Fundamentalmente, en la colección del Prado hemos hallado tres técnicas pictóricas: transparencias a modo de acuarela, puntillismo y tramado o pinceladas opacas superpuestas. Hay miniaturas que utilizan sólo una de estas técnicas; sin embargo, lo más habitual fue emplearlas a la par. En general, para los rostros y las carnaciones se solía emplear el puntillismo (stipping) y el tramado (hatching), fig. 5 como en el Retrato de una señora mayor de Antonio Tomasich (O-781), en el que hay una gran densidad de puntos; o en el citado Retrato de una niña de Dechateaubourg (O-675), donde la densidad es menor. En algunos casos, el puntillismo fue aplicado sobre unas veladas pinceladas que se utilizarían como primeras líneas de la composición. Hay pocos casos en la colección en los que el rostro fuera realizado con las transparencias propias de acuarela; el ejemplo más espectacular es el Retrato de niño (O-676), en el que con unas pocas pinceladas sobre el tono traslucido del marfil, su anónimo autor consiguió dar un efecto de volumen impresionista fig. 6. En la grisalla con el Retrato de perfil de dos jóvenes, atribuida a Bourgeois de la Richardière (O-687), el trazo está realizado en negro con algunas pinceladas blancas fig. 7.
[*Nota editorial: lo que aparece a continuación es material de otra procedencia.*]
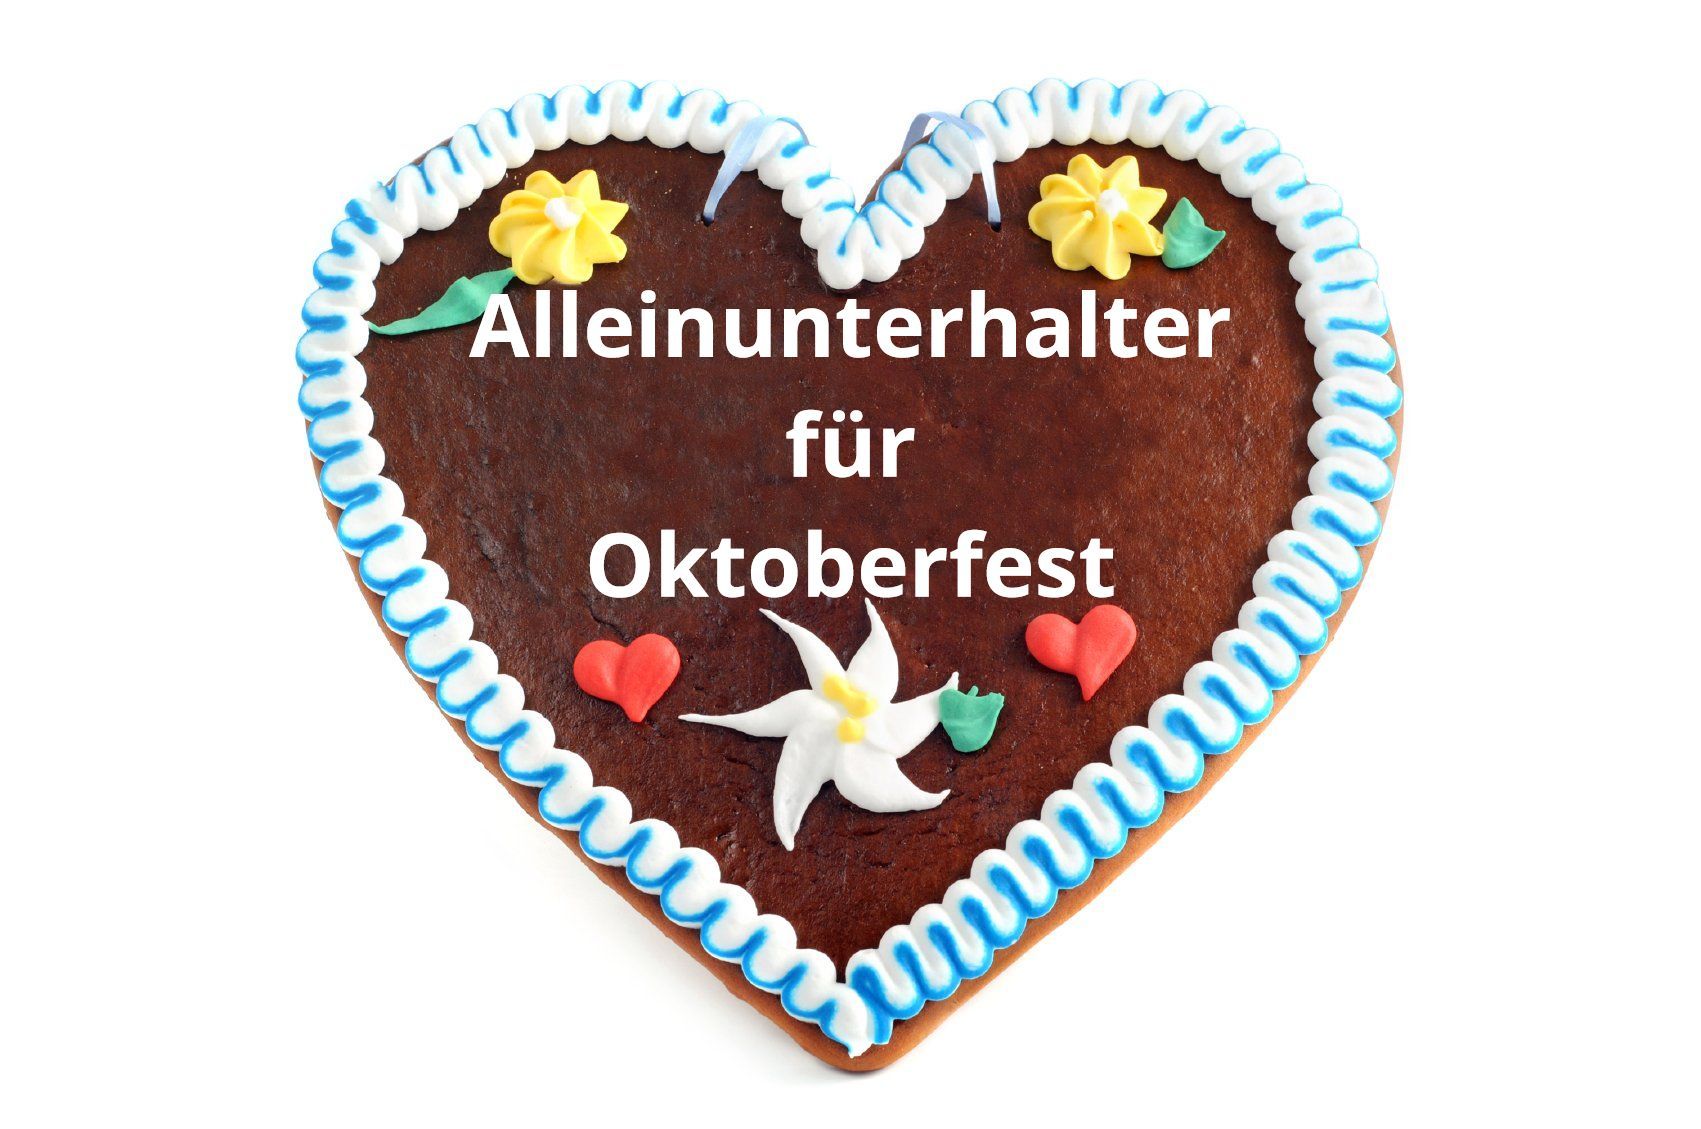 Alleinunterhalter Oktoberfest Mönchengladbach - Keyboarder Karl sorgte für Super Stmmung

Para representar el pelo solían utilizarse pinceladas largas y finas que caen sobre el puntillismo de la cara, y para los trajes se recurrió a técnicas muy variadas: para los tejidos finos y claros, los artistas jugaron con las transparencias, mientras que para el resto de colores emplearon una capa de policromía más gruesa y opaca, comenzando con fondos oscuros que matizaban después con pinceladas cada vez más claras. En los bordados, las mantillas y sobre todo en joyas como broches y collares, conseguían un efecto de volumen en tonos blancos y claros mediante toques de pincel muy cargados de pintura que dejaban pinceladas en relieve. También hay casos en los que emplearon polvo de oro para completar el efecto fig. 8 - fig. 8.1 - fig. 8.2. Es habitual encontrar raspados, que se usaban tanto para perfilar un dibujo como para aligerar un color, y a veces hallamos, sobre todo en los fondos, efectos logrados con gotitas de agua que dejan un punto claro con un cerco oscuro fig. 14. Apenas se encuentran arrepentimientos o errores, porque se trabajaría con un boceto muy estudiado; las pocas correcciones localizadas se realizaron con raspados y raramente con repintes fig. 9. Los fondos suelen ser gruesos y opacos, y sobre todo en las obras en que se utilizaron hojas de pan de plata, ya que como ésta se transparenta, era necesario ocultar los límites; esto se puede apreciar en la miniatura inacabada Retrato de señora con vestido negro (O-715) fig. 38, pues la hoja de pan de plata se transparenta en torno a la cabeza.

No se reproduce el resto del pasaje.